• [Information]
------------

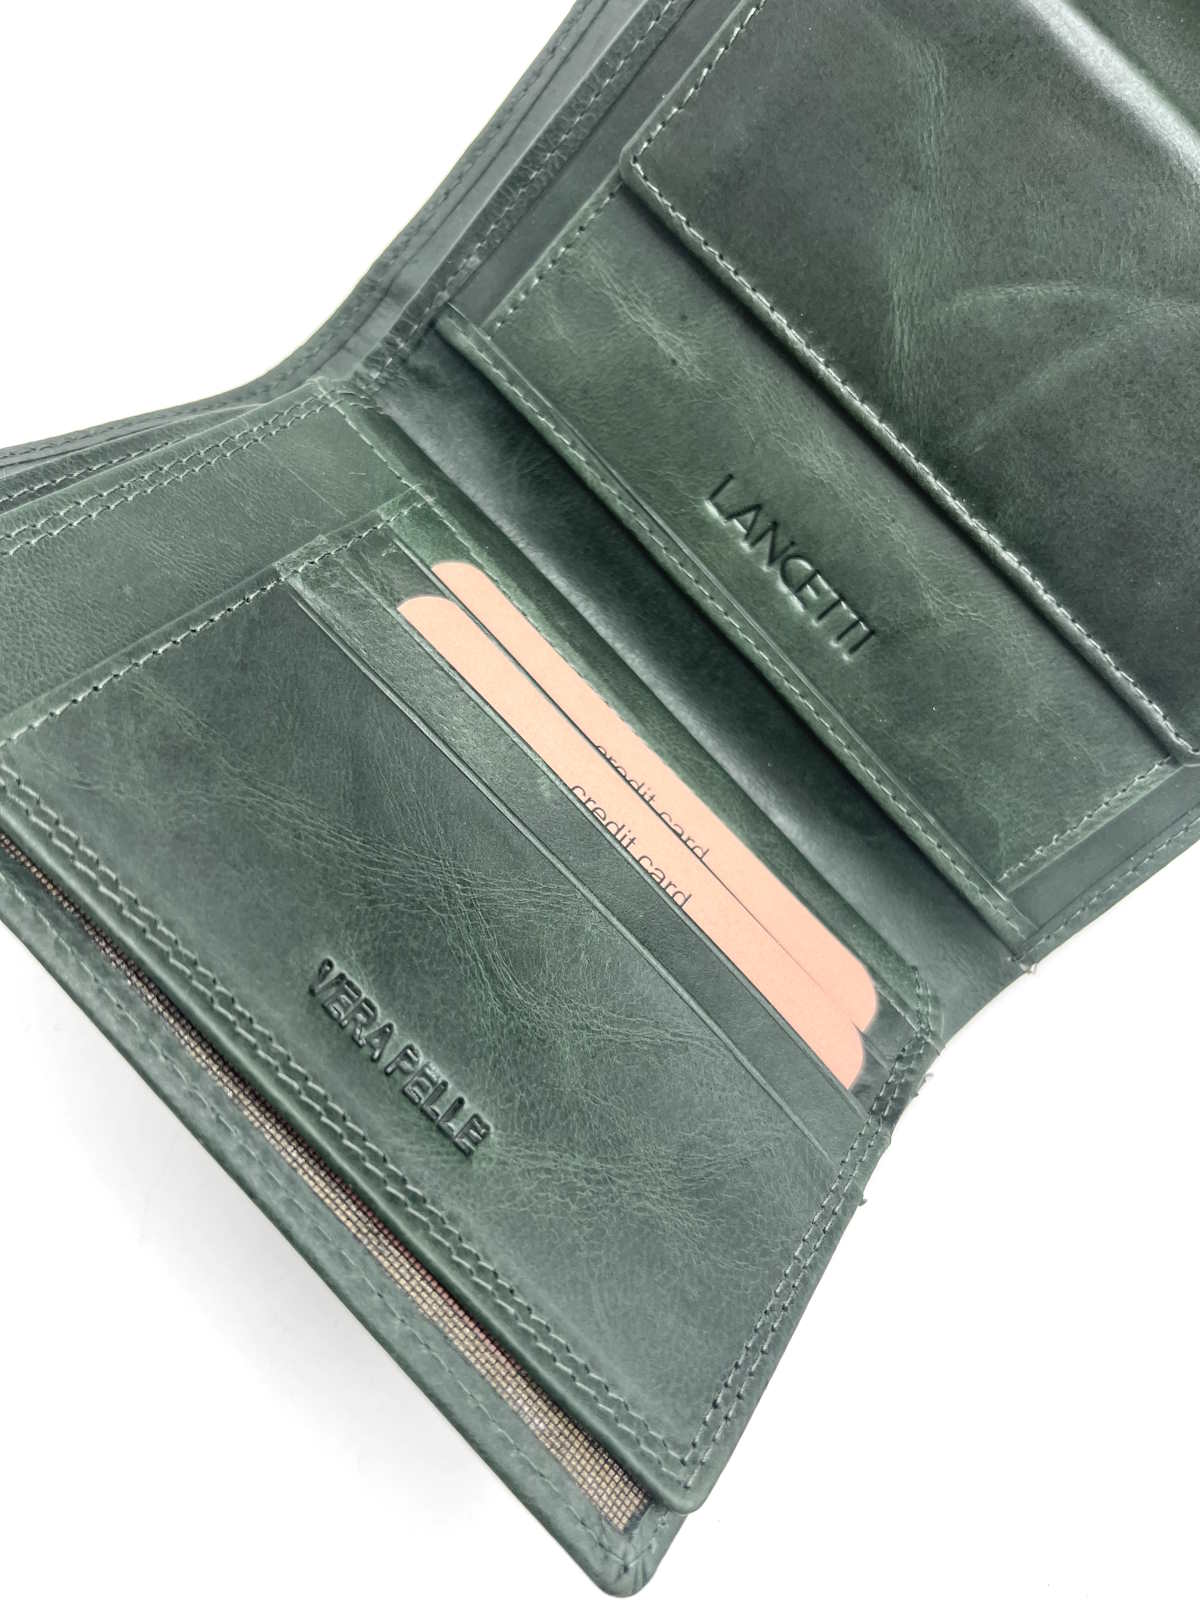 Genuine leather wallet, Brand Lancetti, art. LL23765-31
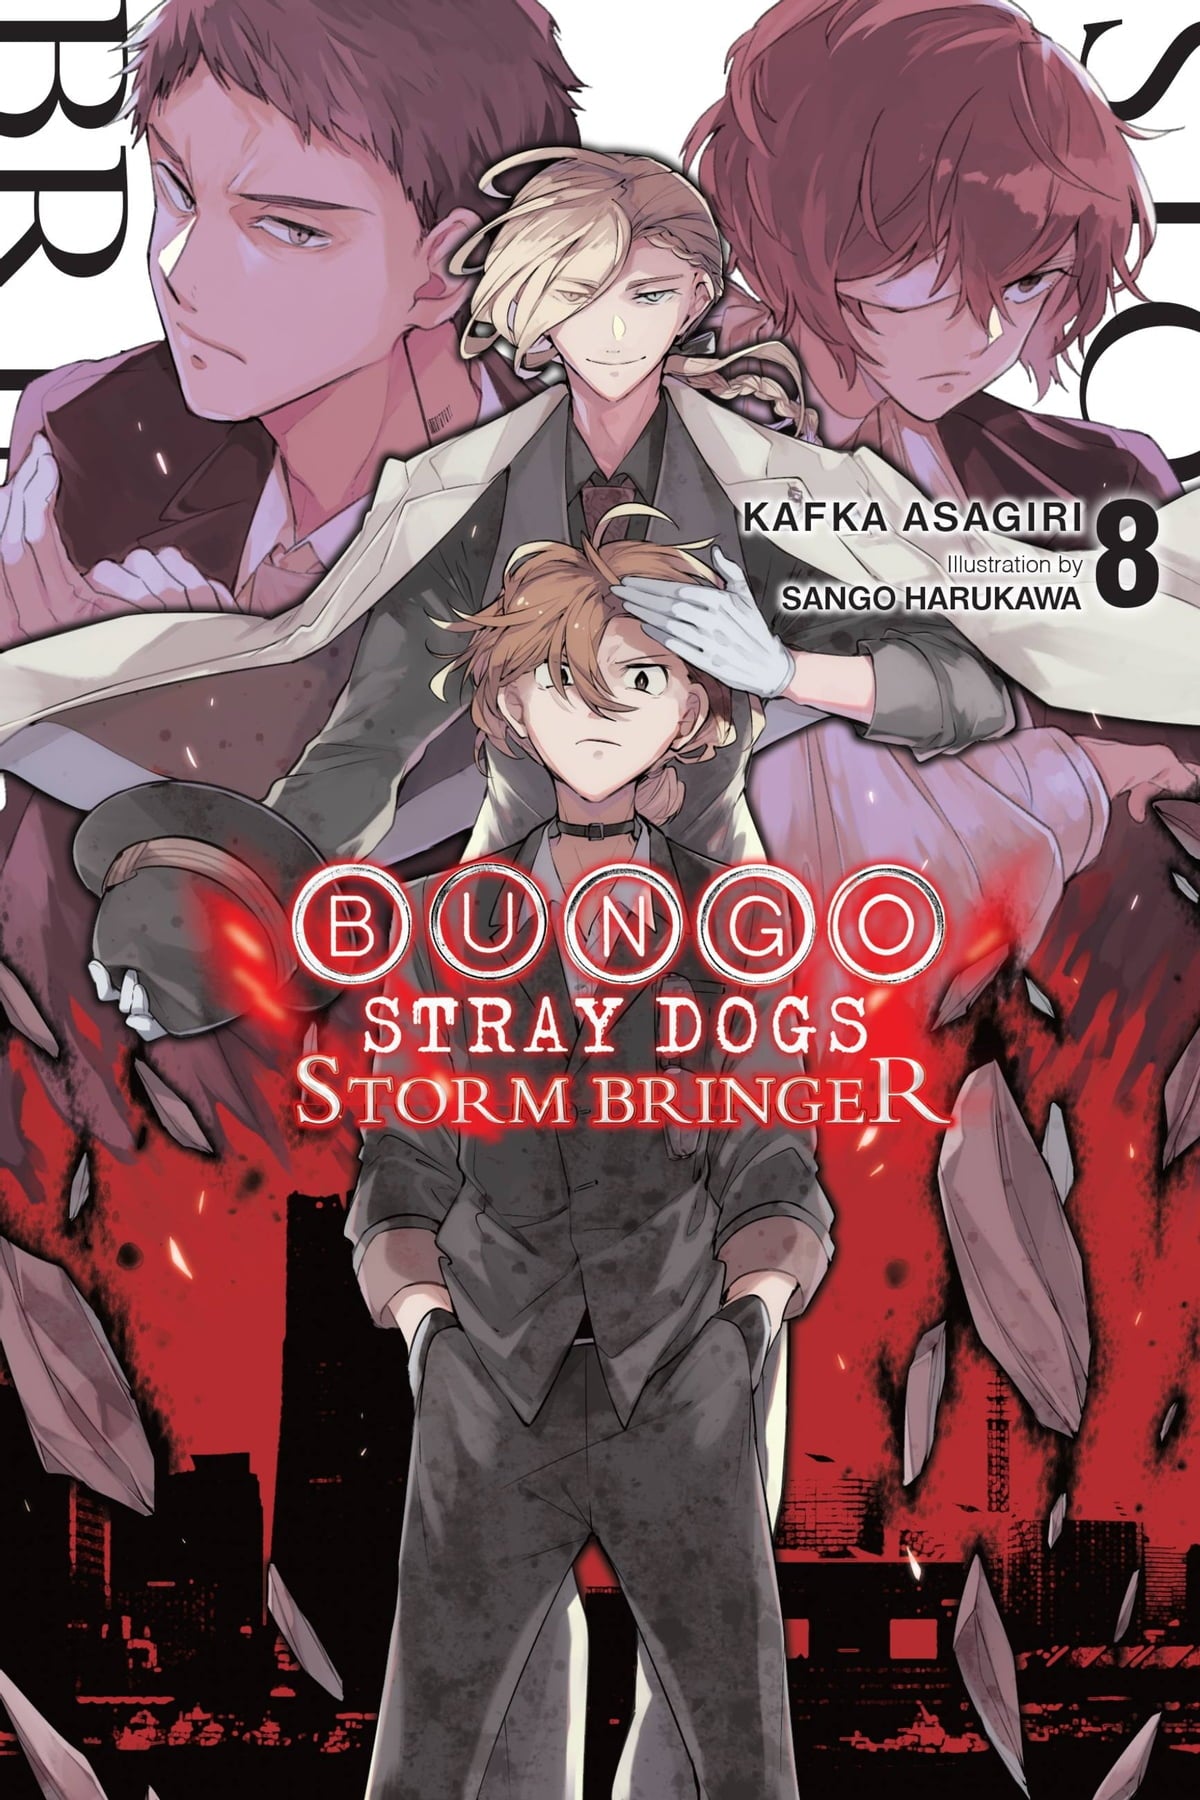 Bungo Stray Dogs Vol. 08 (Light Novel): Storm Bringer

------------

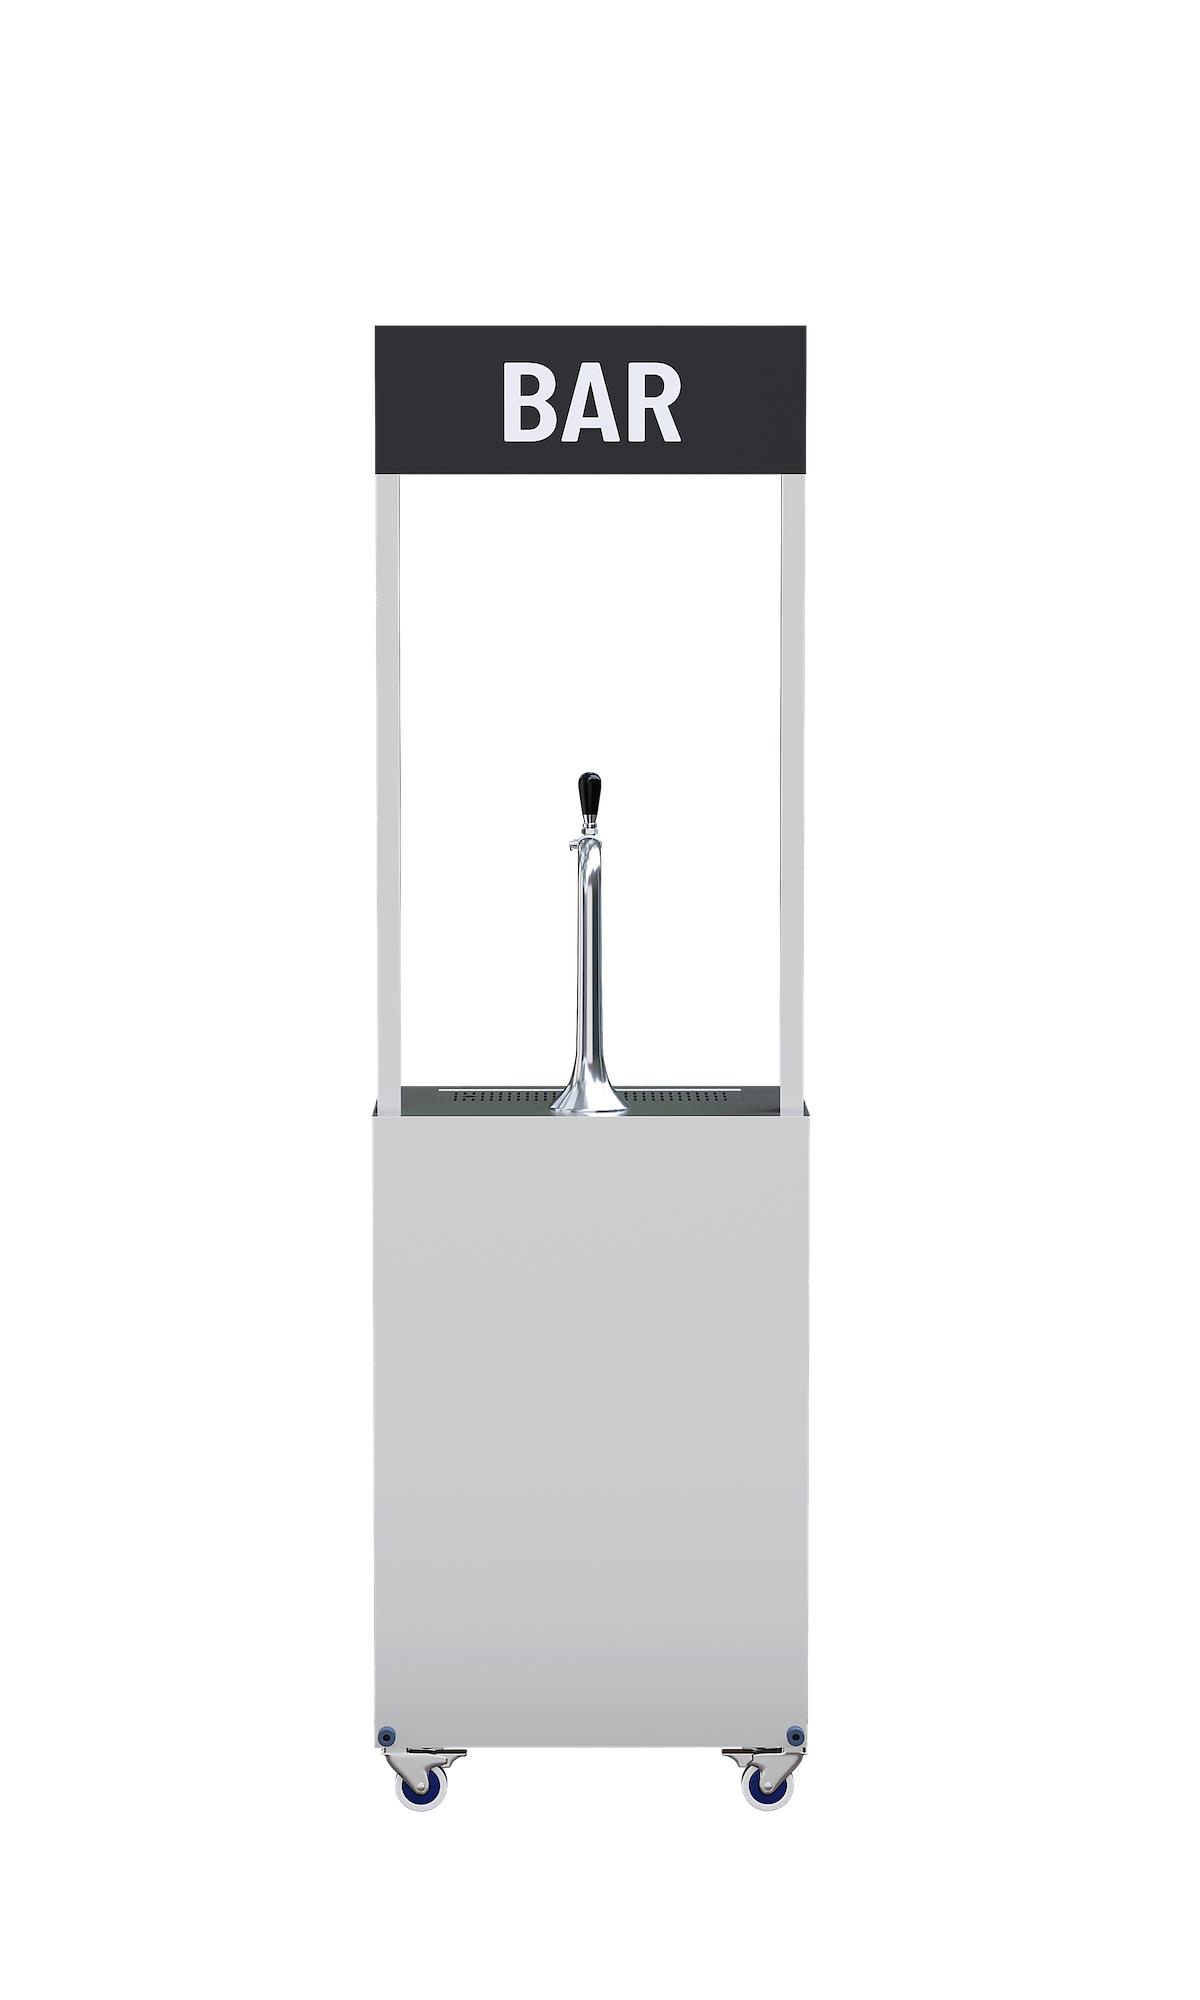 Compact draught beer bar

------------

• [Work instruction]
Take only the lines above from the one that has "Genuine leather wallet, Brand" through the one that has "Bungo Stray Dogs" and reproduce them exactly, omitting any pictures.

• [Solution to this task]
 Genuine leather wallet, Brand Lancetti, art. LL23765-31
 Bungo Stray Dogs Vol. 08 (Light Novel): Storm Bringer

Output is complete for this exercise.